Sport and physical activity at the heart of policy making
Sport and physical activity at the heart of policy making, by Dr Richard Medcalf, Director, Institute of Human Sciences.
It is widely accepted that physical activity is central to our health and well-being. What we have seen since the emergence of the COVID-19 global pandemic is a huge change in our personal and collective physical activity habits, with all now taking place either in the home or in social isolation in our local area. At the same time there appears to have been a renewed appreciation for the need for exercise and the benefits that it brings. For many, the direct relationship between our time being physically active and our mental wellbeing has never been clearer.
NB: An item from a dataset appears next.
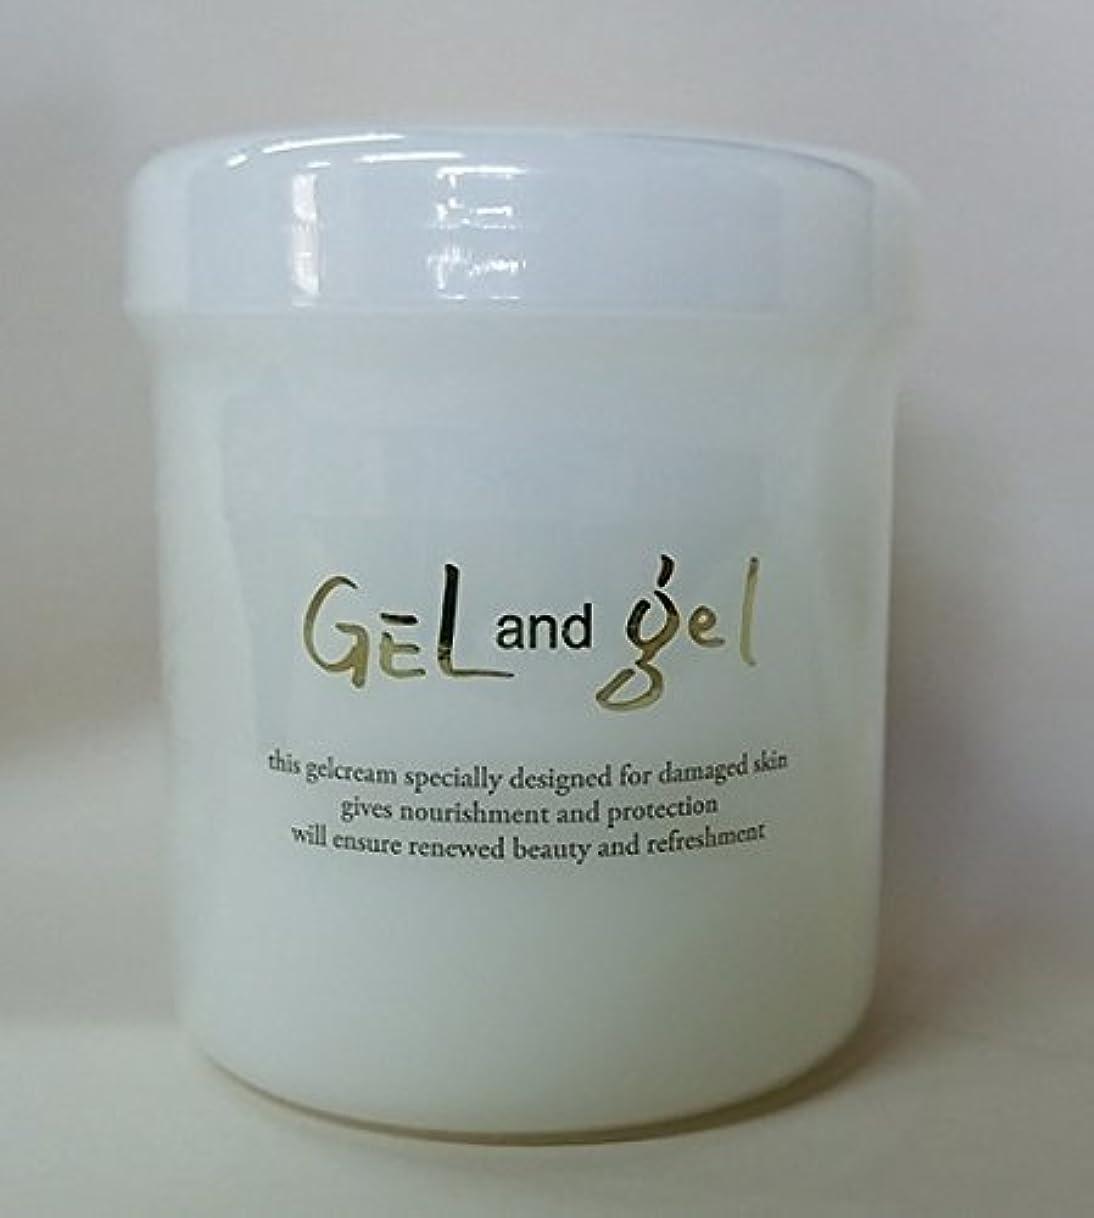 副適合する貢献する天然 ゲルアンドゲル ゲルクリーム 500g レギュラータイプ

The social distancing measures imposed during lockdown have changed our exercise habits overnight. Our enjoyment of team sports has been replaced by physical activity with our families; our gyms and leisure centres replaced by both synchronous and virtual activity in the home. For those able to exercise outside of the home there are, of course, a range of options to do so, but for many (including those shielding from the virus) the options are few and reliant on a capability and willingness to engage with online instruction and/or self-motivation without the benefit of peer support or interaction. Although we hope for the current restrictions to be short lived they have the potential to change the leisure landscape for ever. Changing habits will likely have a huge impact on public sector leisure, historically considered non-statutory and thus at significant risk of further cuts if not graced with a renewed set of protections.
Our community sports clubs have been hit hard by social restrictions and the cessation of all grassroots sport. On a national level Sport England have received praise for their response to the virus focussed on the #Stayinworkout campaign. This has been distilled locally by Active Partnerships such as Active Black Country who have been central to regional landscape with some great support for our local sporting infrastructure. There are also further useful resources from both CIMSPA and UKActive which those within the sector will no doubt be utilising. However for the general public the loss of both grassroot and elite (spectator) sport has left a significant hole in the social fabric of what sport means to many.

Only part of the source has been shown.